The US Senate’s minimal, partial, heavily redacted summary of its report on the CIA’s post-9/11 torture program is out. That report’s reception by establishment media turns out to be at least as demonstrative of the problem it addresses as the report itself.
As any recovering addict will helpfully inform you, the first step is admitting the problem. The US government and American media (and presumably following them, the America public) still resolutely refuse to do that.
In story after story, we see references to “enhanced interrogation” and “brutal interrogation tactics.” Those are weasel words. They’re not admissions of the problem, they’re attempts to talk around the problem.
We’re not talking about “enhanced interrogation techniques.” Nor are we discussing “brutal interrogation tactics.” The subject in question is torture.
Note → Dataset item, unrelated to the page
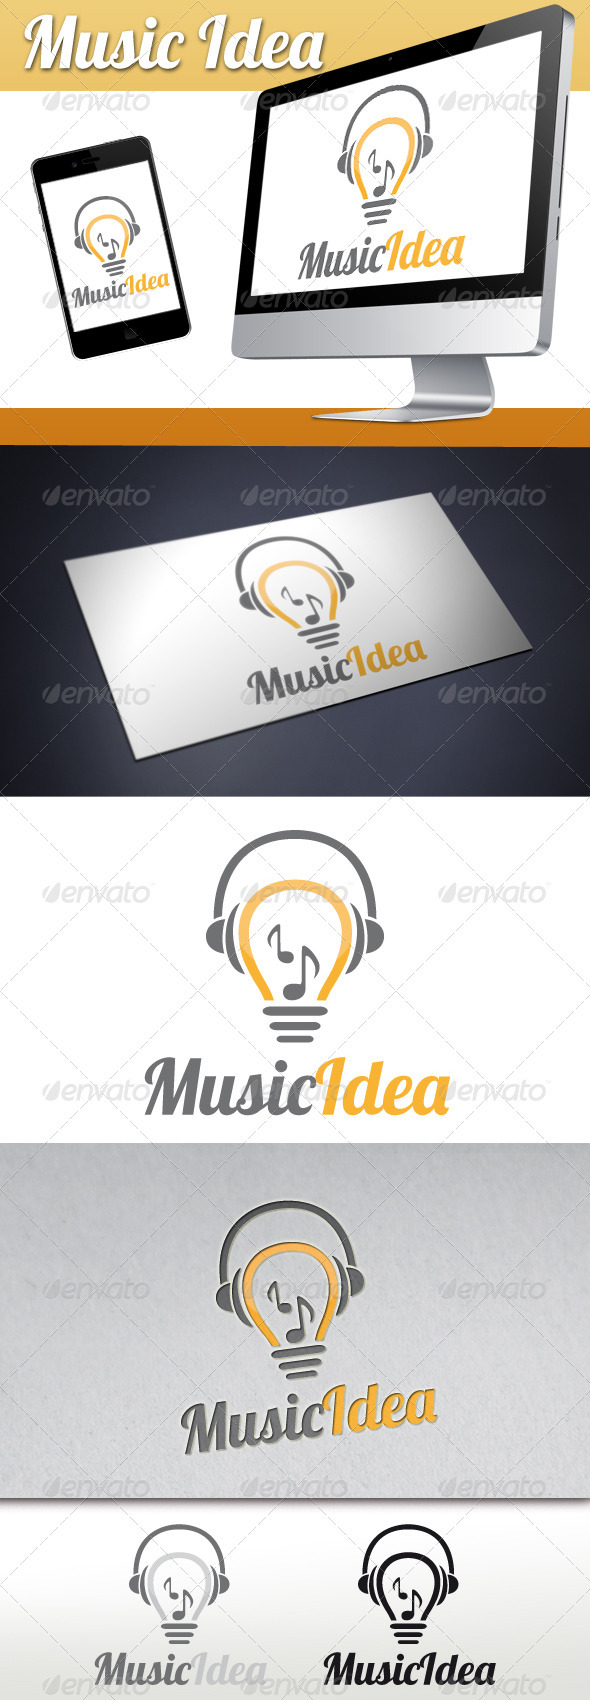 Music Idea Logo
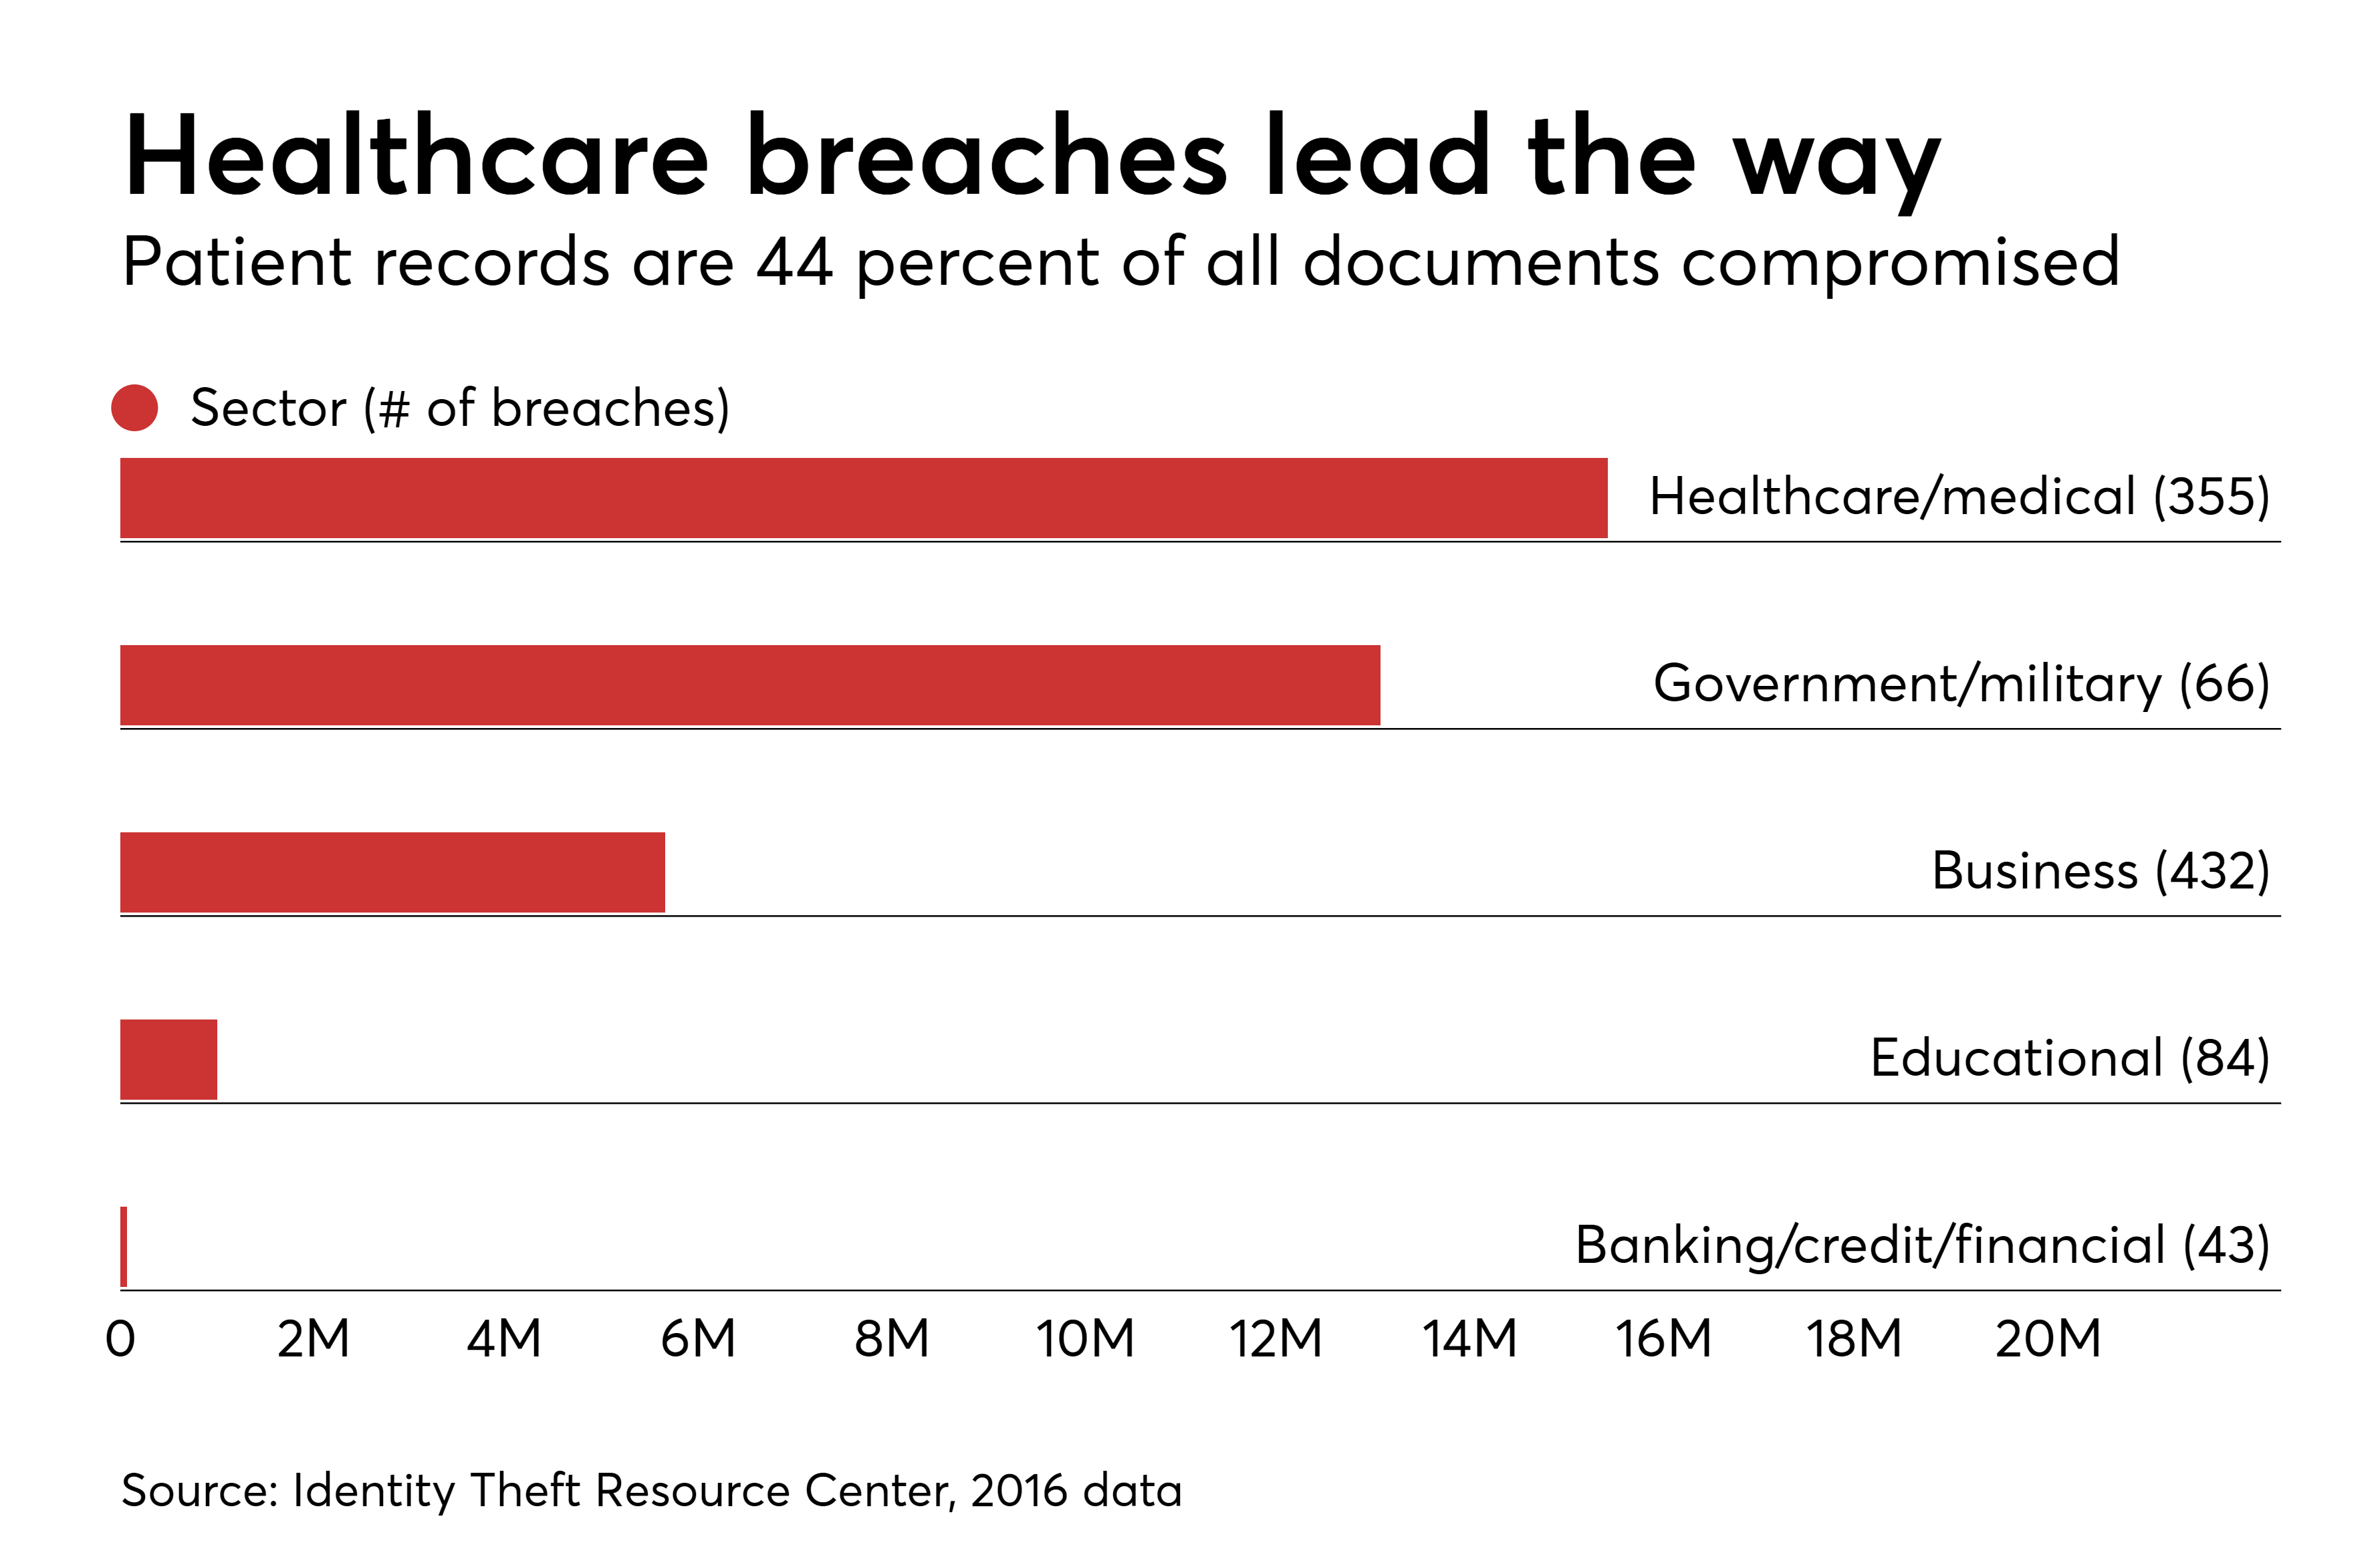 https://assets.sourcemedia.com/66/24/e7ee302b4327b29a3f0137b7c430/hdm-061917-breaches.png

Torture is clearly defined in US law (18 US Code §2340): “[A]n act committed by a person acting under the color of law specifically intended to inflict severe physical or mental pain or suffering (other than pain or suffering incidental to lawful sanctions) upon another person within his custody or physical control.”
Torture is clearly defined in international law (the UN Convention Against Torture): “[A]ny act by which severe pain or suffering, whether physical or mental, is intentionally inflicted on a person for such purposes as obtaining from him or a third person information or a confession, punishing him for an act he or a third person has committed or is suspected of having committed, or intimidating or coercing him or a third person, or for any reason based on discrimination of any kind, when such pain or suffering is inflicted by or at the instigation of or with the consent or acquiescence of a public official or other person acting in an official capacity.”
These summations in the laws of states are informative, but we don’t really need them to conclude that the actions described in the report — waterboarding, sleep deprivation and the forced infusion of substances into victims’ rectums, to name three — are torture, all torture and nothing but torture. There exists no reasonable definition of torture that the described actions don’t conform to.
From that primary conclusion we must inevitably draw a secondary conclusion: The persons involved in the torture, from the operators actually implementing it all the way up the chain of command to the president of the United States, are violent, dangerous criminals and would be recognized as such in any sane society, regardless of whether or not codified law existed to describe their offenses.
The question, of course, is what to do about it. “Mainstream” suggestions range from “nothing” to “hold some Senate hearings and hope it goes away” to “appoint a special prosecutor and let him throw some of the less well-connected criminals under the bus so we can get on with life.”
Even at the radical end of the spectrum, suggestions tend to run to things like putting the US under the jurisdiction of the International Criminal Court and conducting a wholesale rendition of the gang, from top to bottom, to the Hague for trial.
The second step in 12-step addiction recovery programs involves recognizing a “higher power.” The second step in any torture recovery program is recognition that the existing temporal “higher power” — the state — is in fact the real problem.
The state bestows extreme power upon its agents, especially over prisoners and detainees. That power corrupts, enabling those agents to abuse and torture, as social psychologists observed in the Stanford Prison Experiment.
The state’s structure also protects its agents from accountability, shrouding discussions of state violence in euphemism, turn the debate from torture as a crime to torture as policy. Furthermore, the state’s monopoly on law leaves prosecution and adjudication up to the state itself. Torturers know they’re unlikely to face justice.
If we tolerate the state, we tolerate torture. It’s time and past time we stopped tolerating either.